If set to FALSE, Snowflake processes any BOM found in the file, which may lead to errors or cause the BOM to be included in the first column of the table.
Default setting is True.
Null if = editor (optional)
Specify one or more strings (one string per row of the table) to convert to NULL values. When one of these strings is encountered in the file, it is replaced with an SQL NULL value for that field in the loaded table. Click + to add a string.
This will only work when Match By Column Name is set to either Case Insensitive or Case Sensitive.
Ignore corrupt files = boolean (optional)
When set to Yes, corrupt input files are skipped and not included in the load.
Ignore missing files = boolean (optional)
When set to Yes, files that cannot be found are ignored during the load process.
Modified after = string (optional)
An optional timestamp as a filter to only ingest files that have a modification timestamp after the provided timestamp.
Modified before = string (optional)
An optional timestamp as a filter to only ingest files that have a modification timestamp before the provided timestamp.
Recursive file lookup = boolean (optional)
When set to Yes, files are read recursively from all subdirectories under the specified path. When enabled, partition inference is disabled. To control which files are loaded, use the Glob pattern property instead.
Allows backslash escaping any character = boolean (optional)
If Yes, will allow the quoting of all characters using the backslash quoting mechanism in JSON records.
Allow comments = boolean (optional)
If Yes, will allow JAVA/C++ style comments in JSON records.
Allow non-numeric numbers = boolean (optional)
If Yes, will allow using non-numeric number strings such as NaN, Infinity, -Infinity in JSON records.
Allow numeric leading zeros = boolean (optional)
If Yes, will allow leading zeros in numbers in JSON records.
Allow single quotes = boolean (optional)
If Yes, will allow single quotes in addition to double quotes in JSON records.
Allow unquoted control chars = boolean (optional)

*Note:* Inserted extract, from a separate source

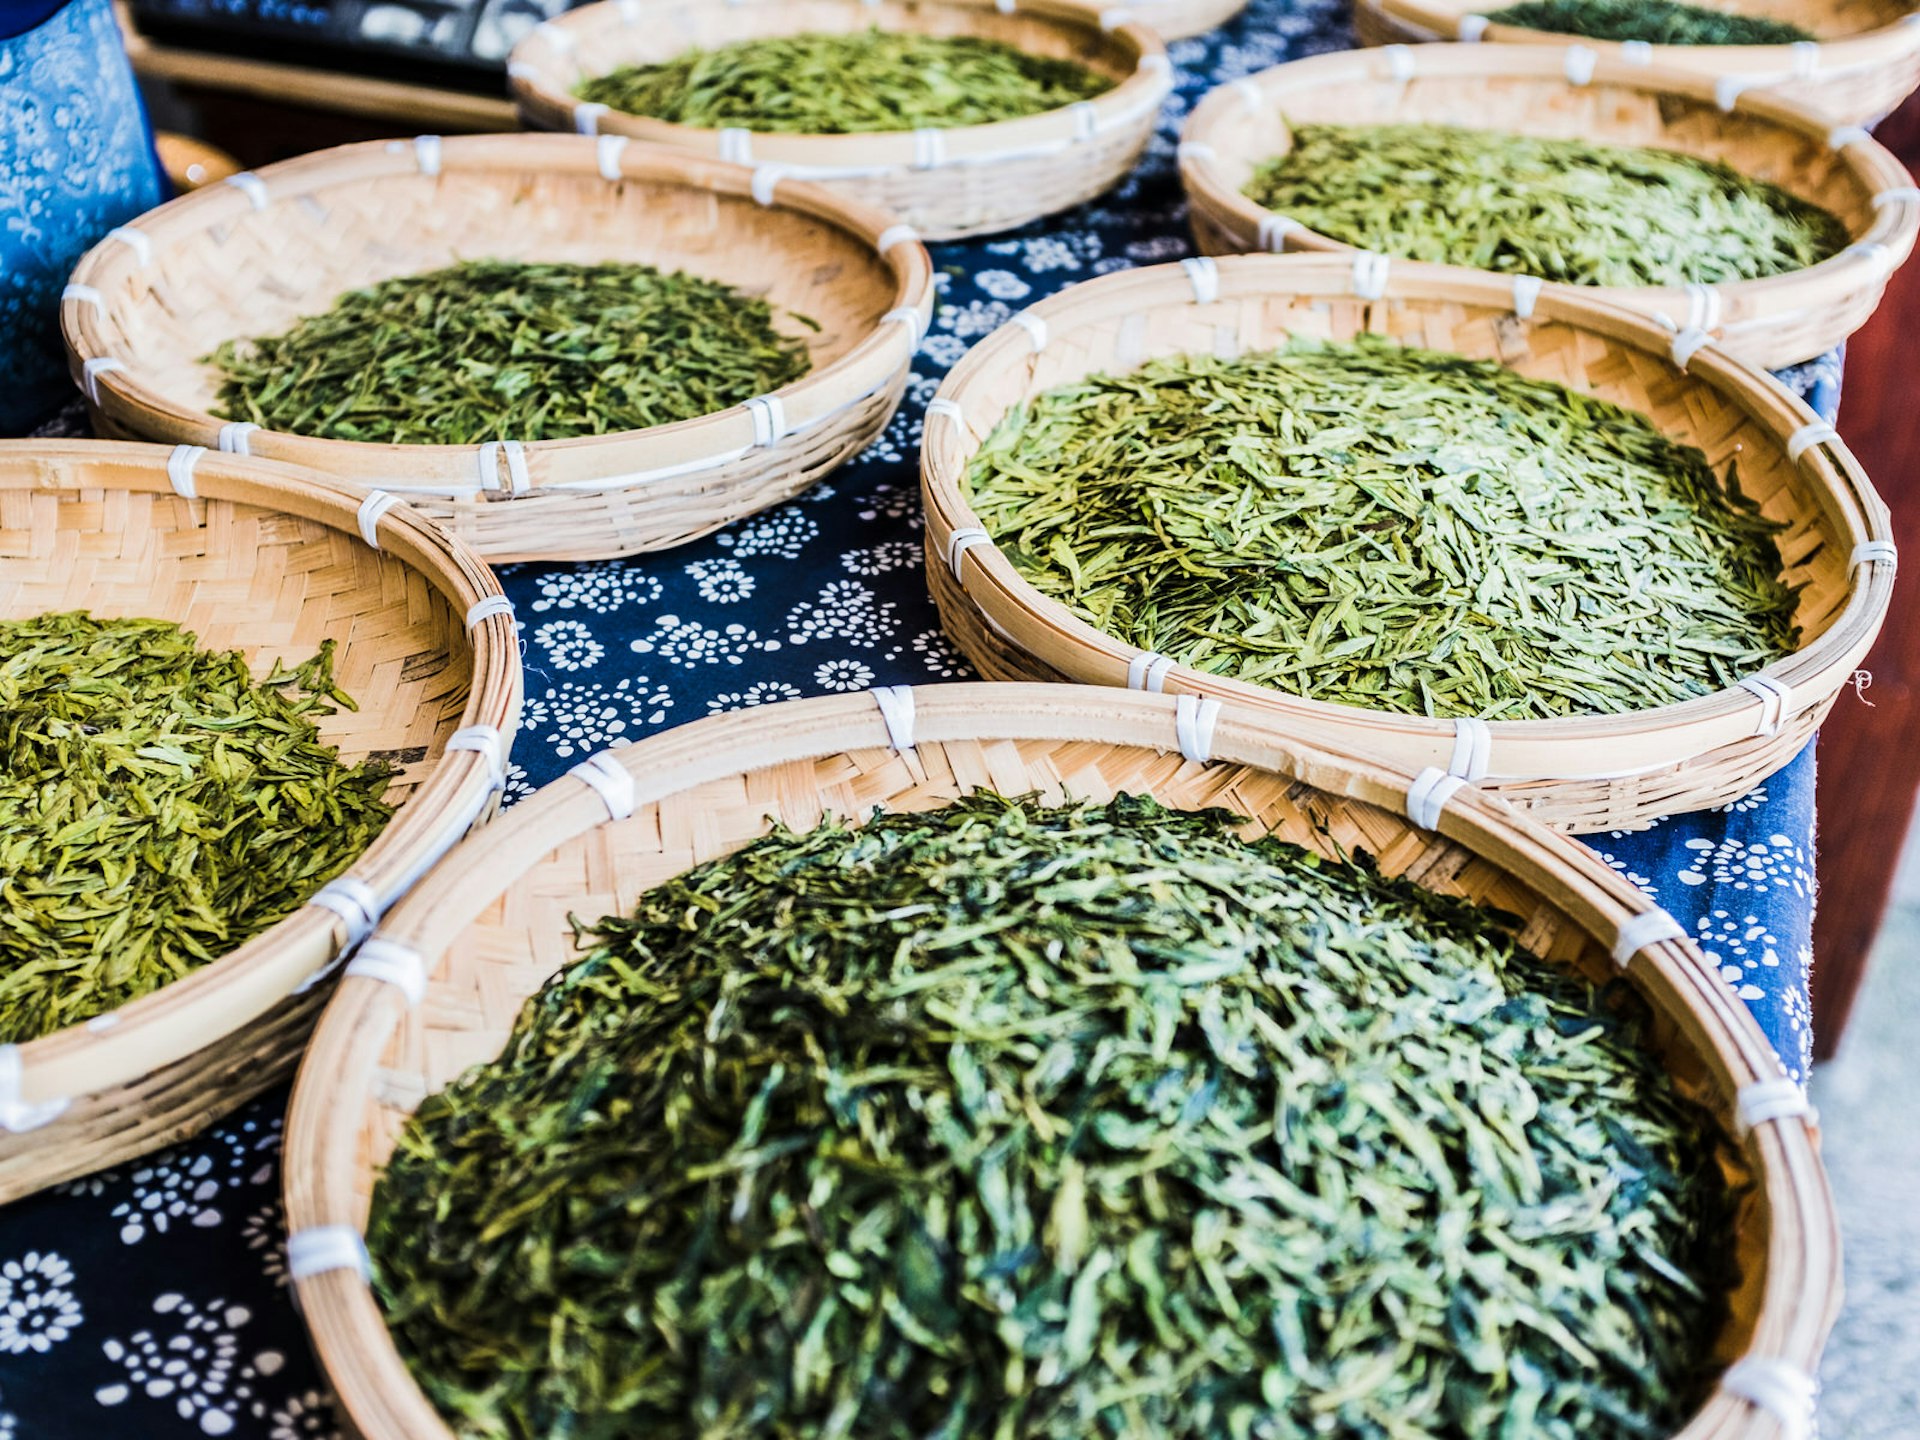 Several open baskets filled with drying tea leaves
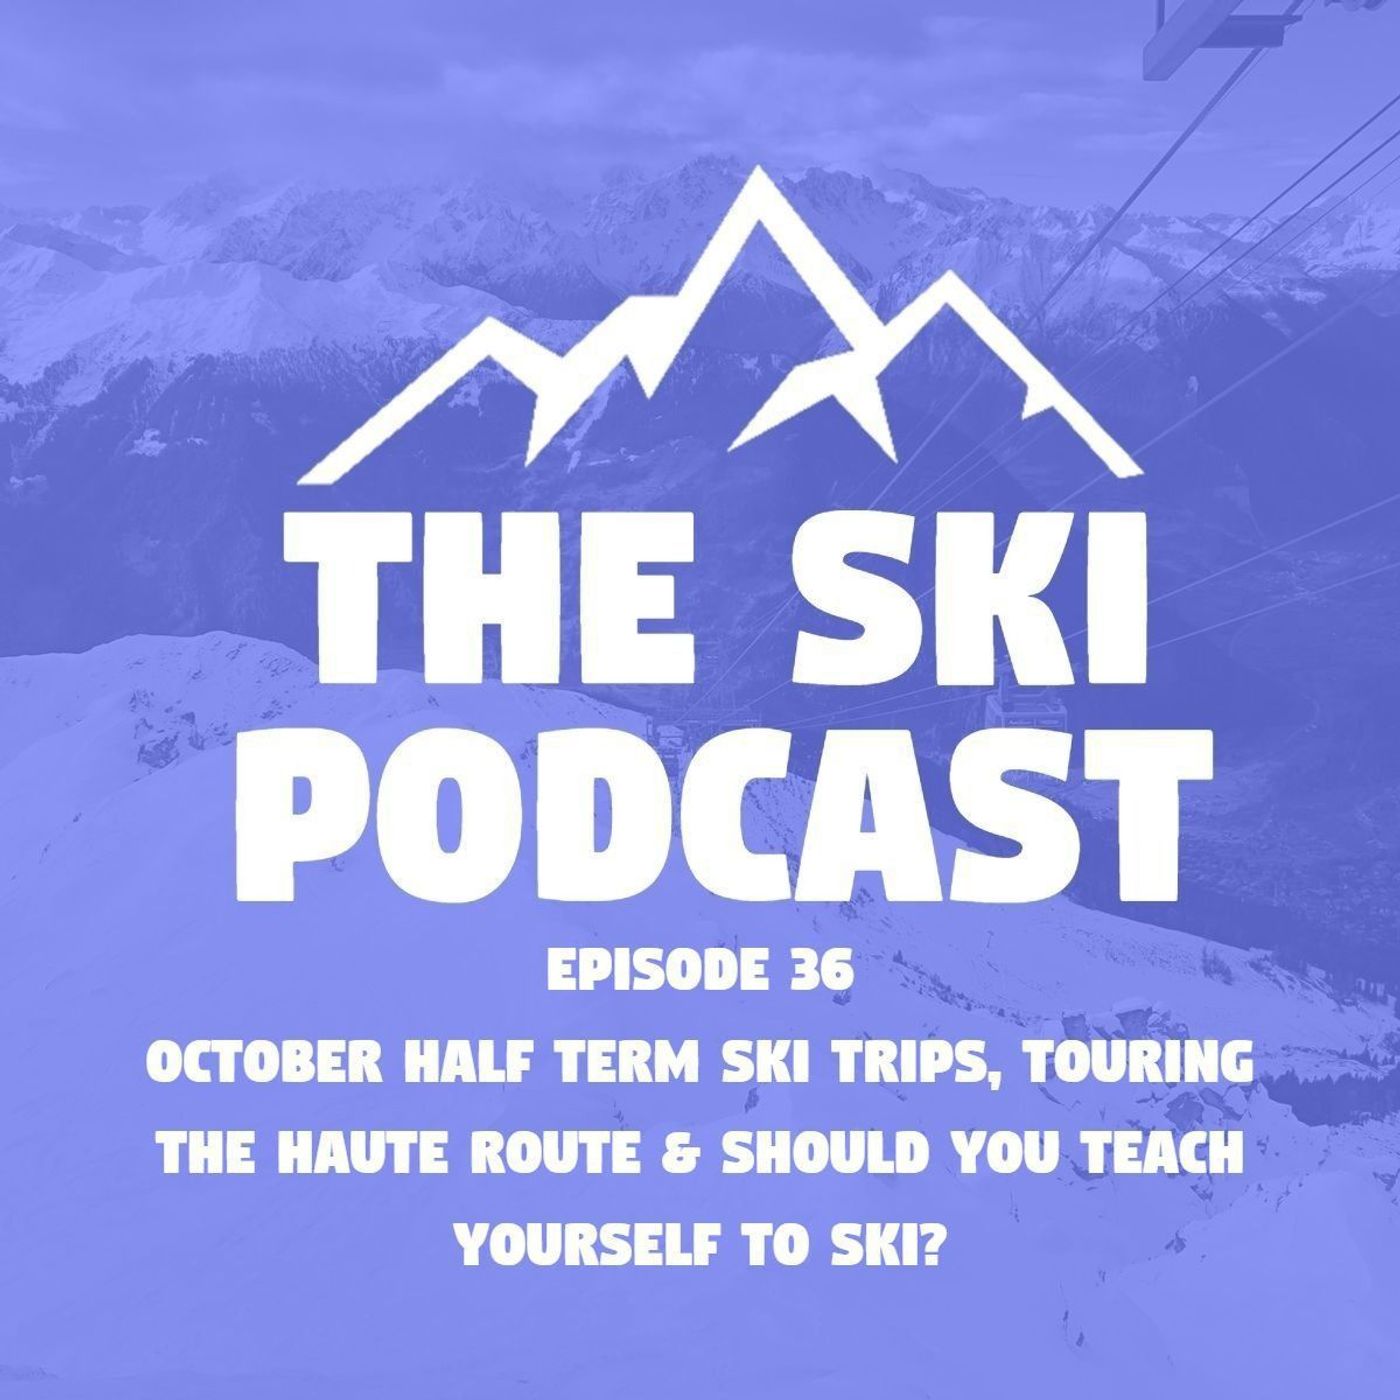 36: October Half Term Ski Trips, Touring The Haute Route & Should You Teach Yourself to Ski?

If Yes, will allow JSON strings to include unquoted control characters (ASCII characters with values less than 32, including tab and line feed characters) in JSON records.
Allow unquoted field names = boolean (optional)
If Yes, will allow unquoted JSON field names (which are allowed by JavaScript, but not by the JSON specification).
Bad records path = string (optional)
An optional path to store bad records encountered during parsing. When specified, records that cannot be parsed are written to this location instead of causing the load to fail.
Column name of corrupt record = string (optional)
An optional column name to store the malformed JSON string when a record cannot be parsed. This allows you to capture and analyze corrupt records in the target table.
Date format = string (optional)
Describe the format of date values in the data files to be loaded. For example, yyyy-MM-dd.
Drop field if all null = boolean (optional)
If Yes, will ignore columns that contain only null values when inferring the schema.
Encoding = string (optional)
Select the character encoding to use when reading the input files.
Infer timestamp = boolean (optional)
If Yes, will attempt to infer timestamp strings as a TimestampType during schema inference.
Line separator = string (optional)
Specify the character or sequence of characters used to separate individual records (rows) in the JSON file.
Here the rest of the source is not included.